Forum Moderators: phranque

Message Too Old, No Replies

Best way to make a whole site searchable?

without putting content in a database

pixeltierra

4:47 am on Nov 22, 2006 (gmt 0)

What are the various options for making a site searchable without putting all content in a database?

Is it viable to make an indexing script and just search through that?

Has anyone ever done this? Care to share your story/experience?

bill

5:01 am on Nov 22, 2006 (gmt 0)

I've used wikis that run off of text files, not strictly databases, and they've been searchable.

I'm not really clear what you're looking for here. Are you looking for systems that have search built in, or how to structure your site/pages to make them SE friendly, or something else?

jtara

5:28 am on Nov 22, 2006 (gmt 0)

Any "indexing script" is going to put your content into a database.

One of the nice things about CMSs is that a pretty decent site search typically goes along for the ride - since your content is already in a database.

That said, search requires a different kind of indexing than that which is provided by the typical database.

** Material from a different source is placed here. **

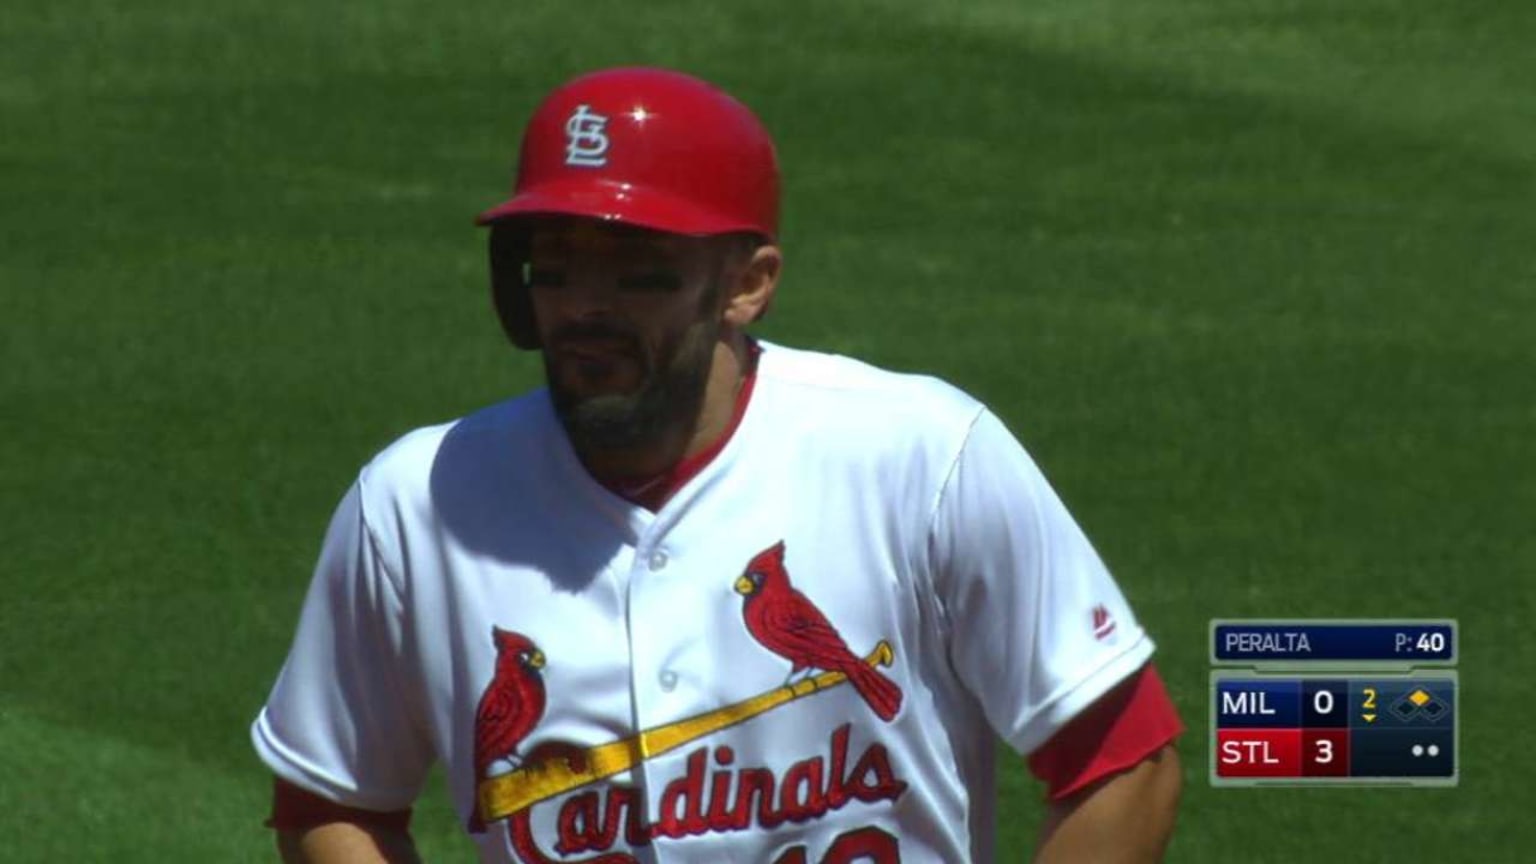 MLB St. Louis Cardinals (Matt Carpenter) Men's Replica Baseball Jersey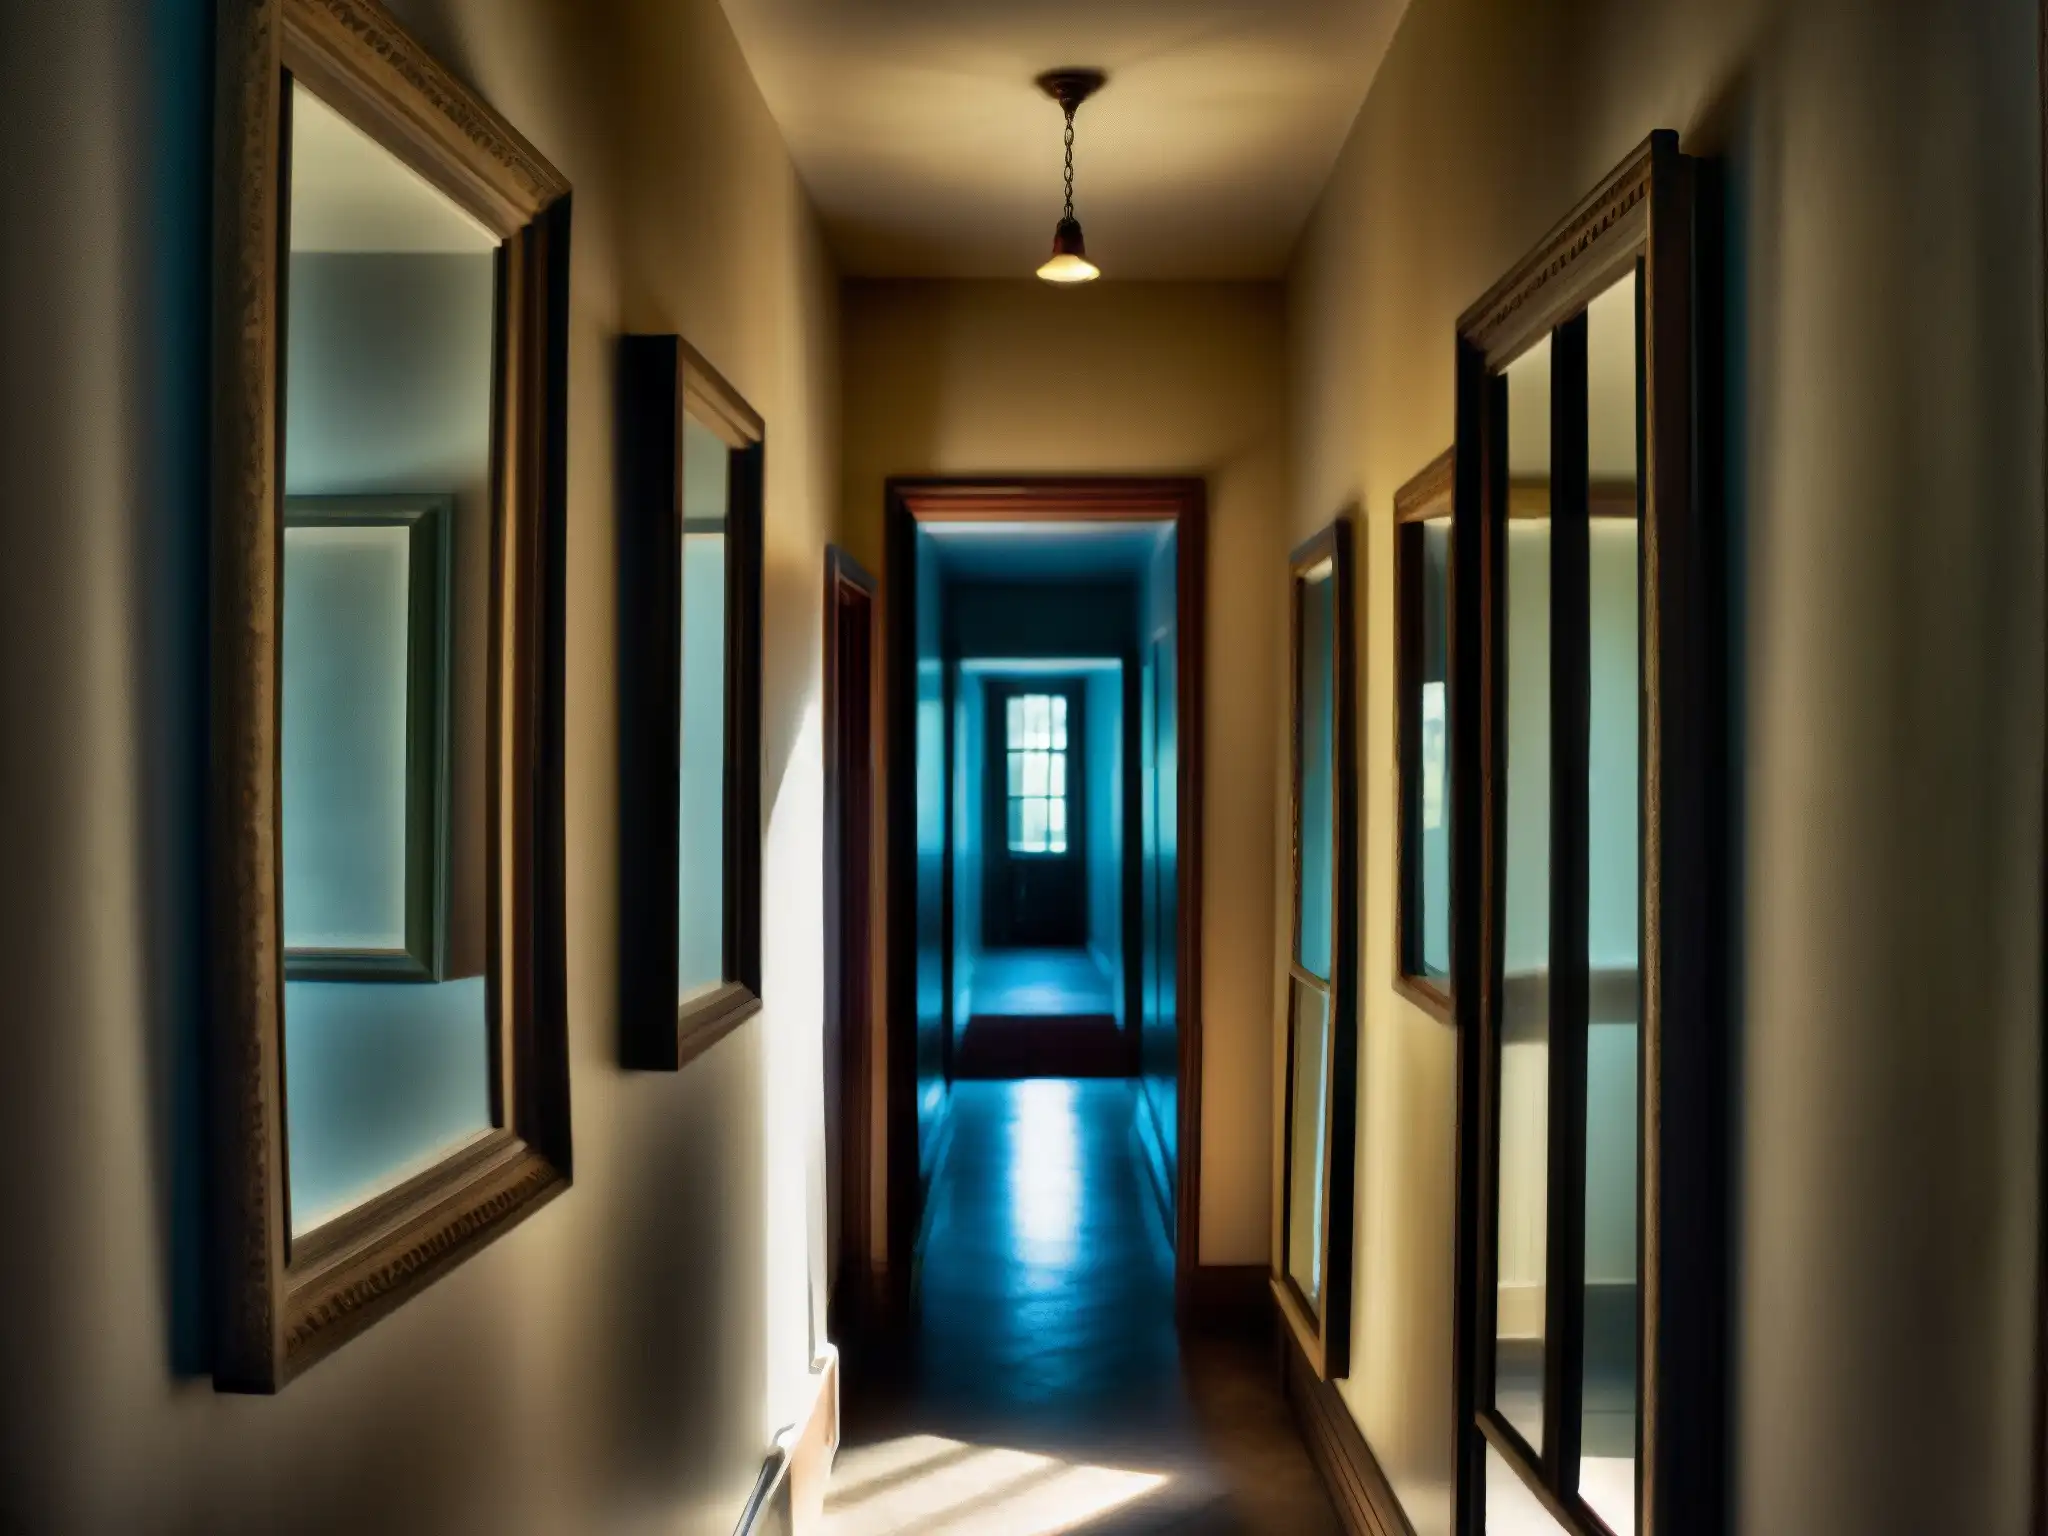 Un pasillo sombrío y misterioso en La Casa de los Espejos, con antiguos espejos que reflejan imágenes fantasmales y distorsionadas

FWIW, MYSQL *does* have full-text indexing capability. Of course, your database will at least double in size when you do full-text indexing.

phranque

5:57 am on Nov 22, 2006 (gmt 0)

you could install a search engine on your site.
i've had some success with ht://Dig (http://htdig.org)

pixeltierra

6:19 am on Nov 22, 2006 (gmt 0)

The reason I don't want my content in a db, is because I don't want to go through the db to edit my content. I use alot of scripting that gest tweaked. I want files that open in code editors.

What I meant by an 'indexing script', is this: a script that is pointed to certain directories that will suck out content from files (text) and stick into a searchable format (either a db or a flat file) while associating the file name. The script will run as a periodic cron job.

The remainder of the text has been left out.